┏━━

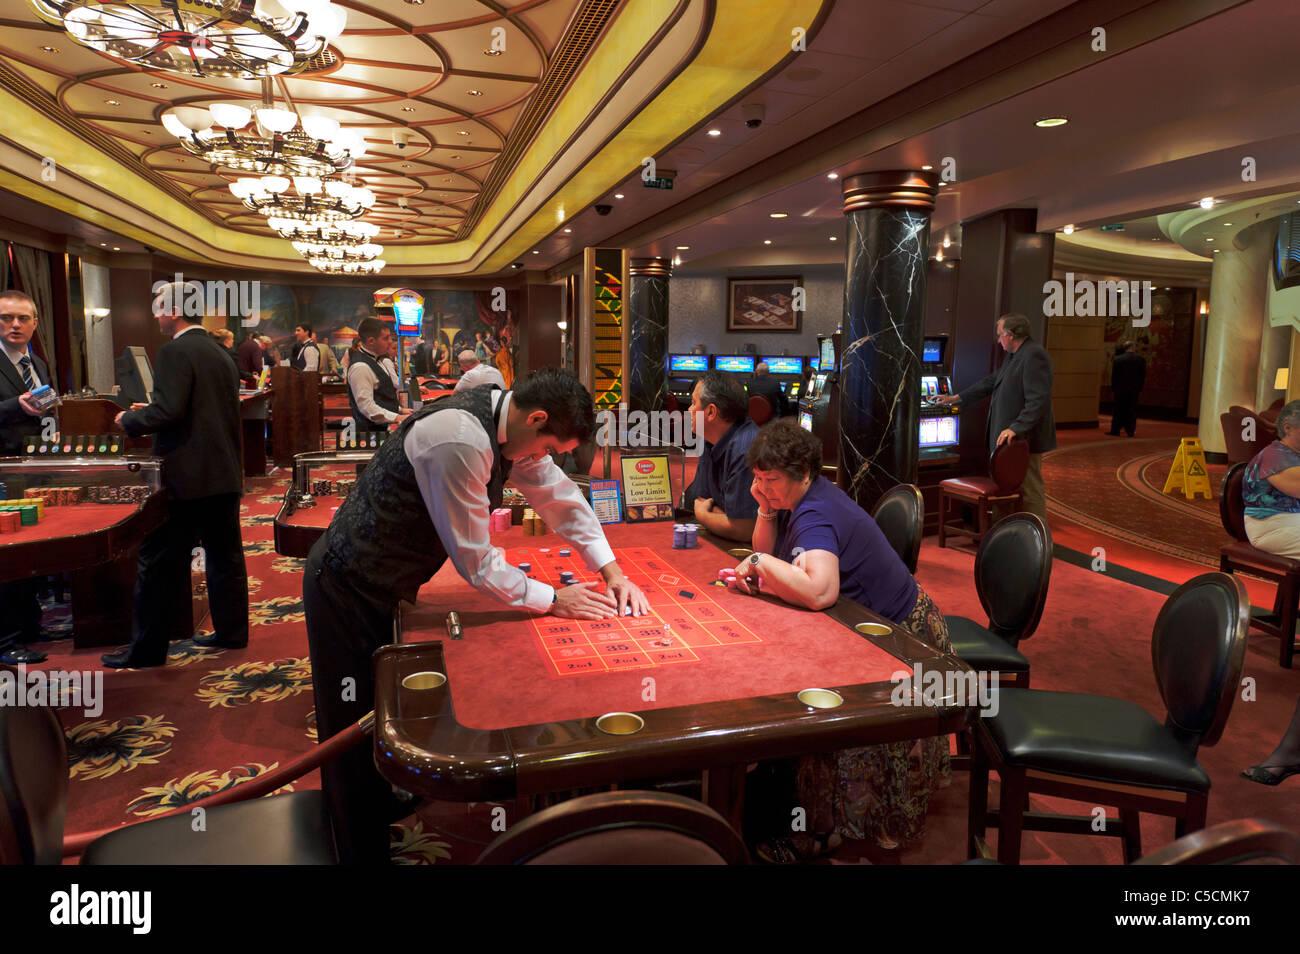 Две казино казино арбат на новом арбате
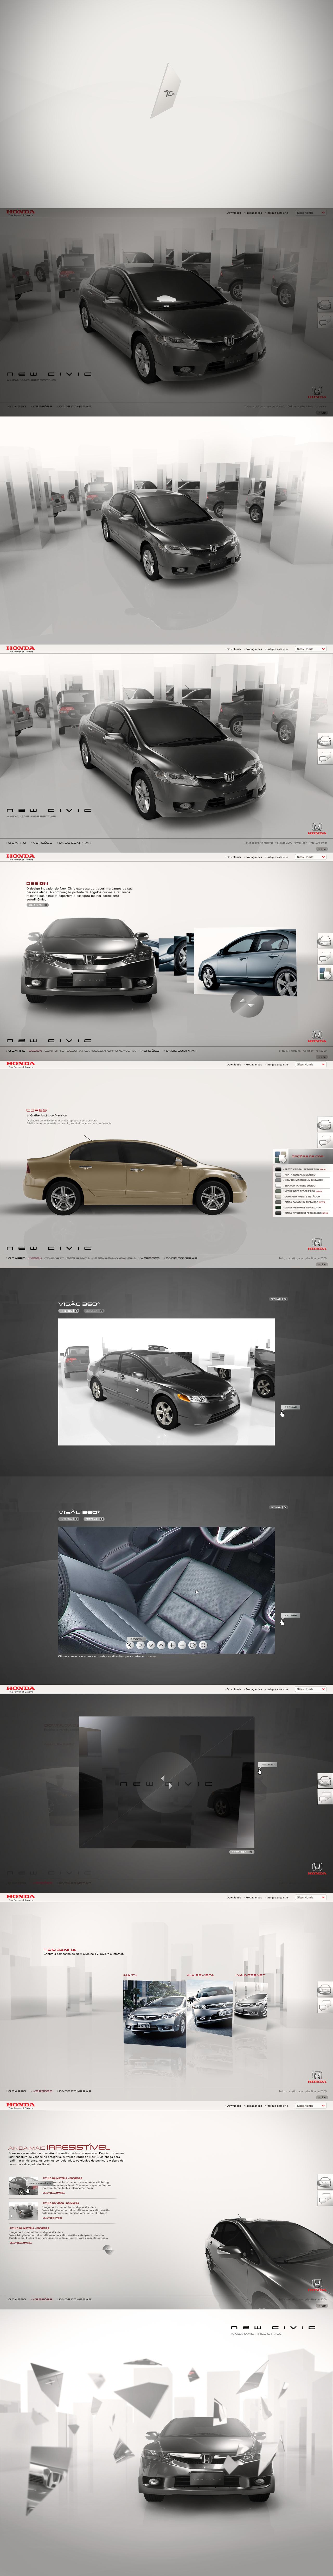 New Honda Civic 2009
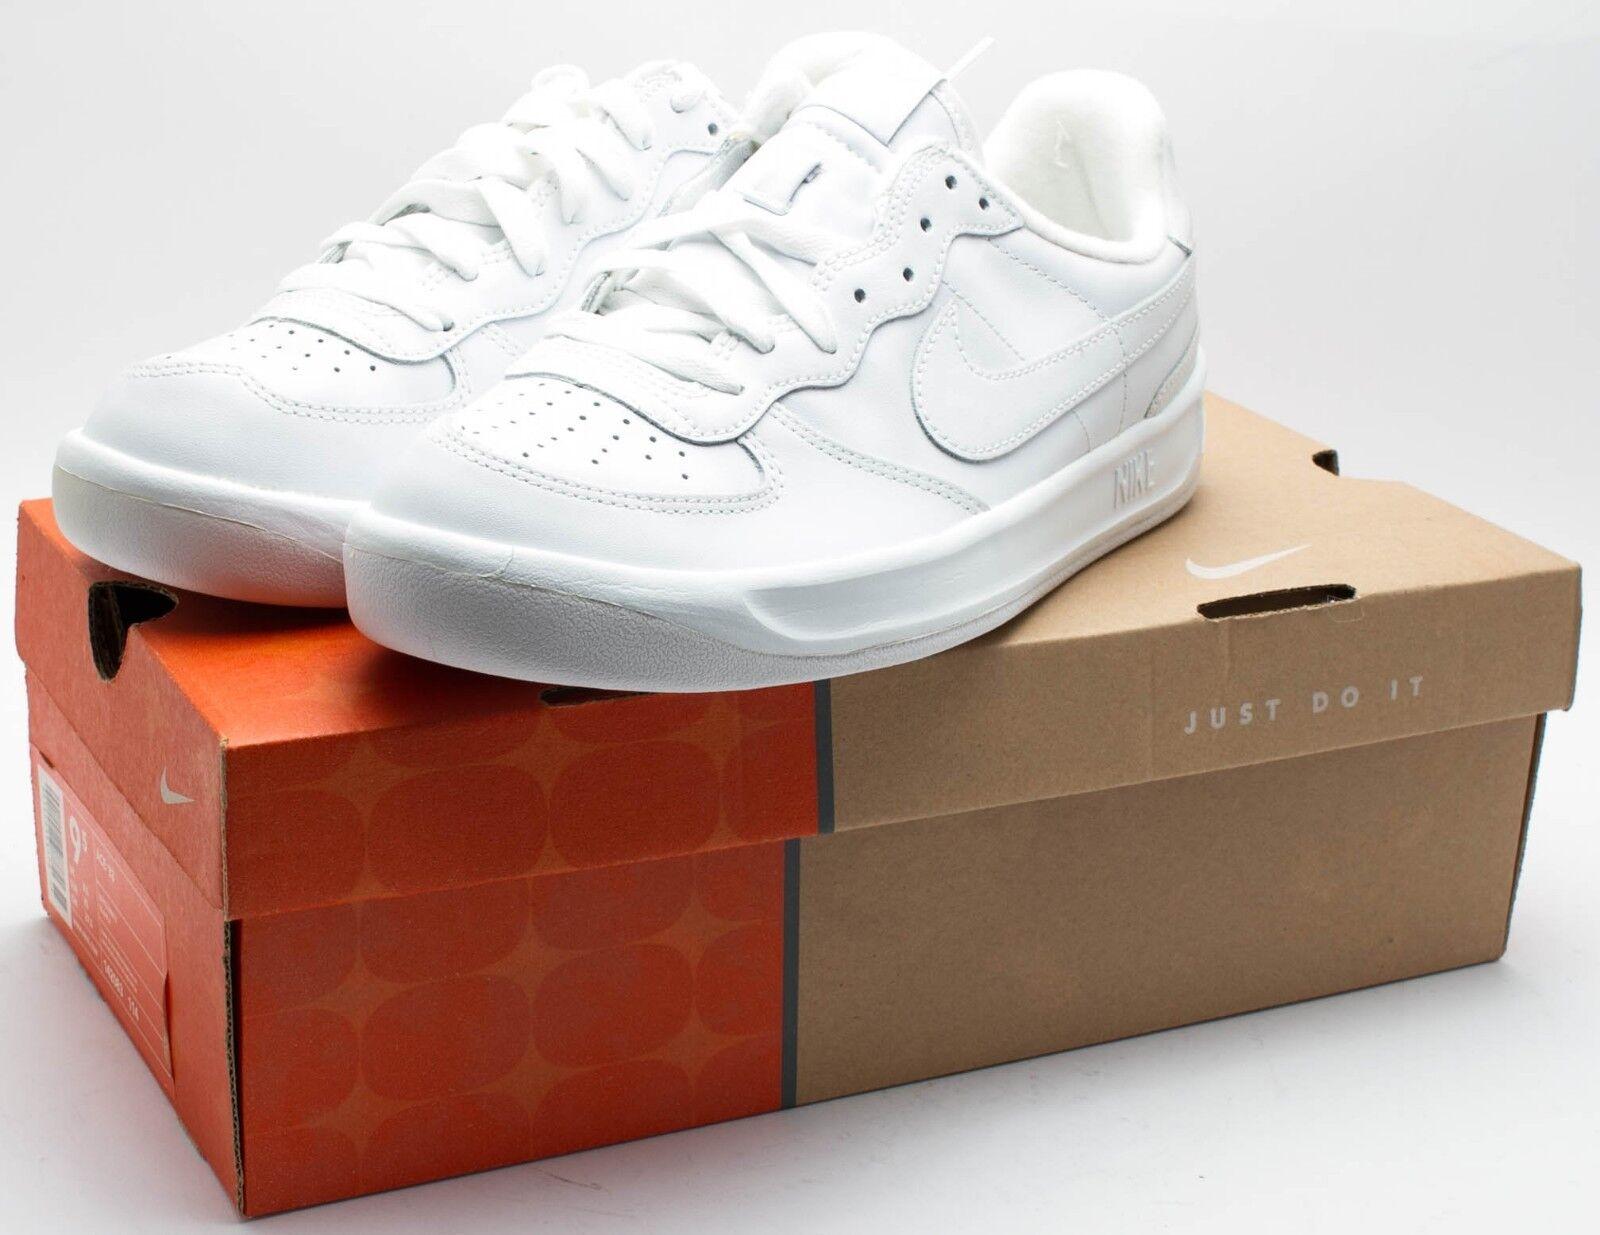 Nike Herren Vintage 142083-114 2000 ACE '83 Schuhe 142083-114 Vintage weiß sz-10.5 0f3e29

┗━━

AIM OF THE TASK -
Repeat the material above in full and exactly, omitting the pictures.

RESULT FOR THIS EXERCISE -
 Две казино казино арбат на новом арбате
 New Honda Civic 2009
 Nike Herren Vintage 142083-114 2000 ACE '83 Schuhe 142083-114 Vintage weiß sz-10.5 0f3e29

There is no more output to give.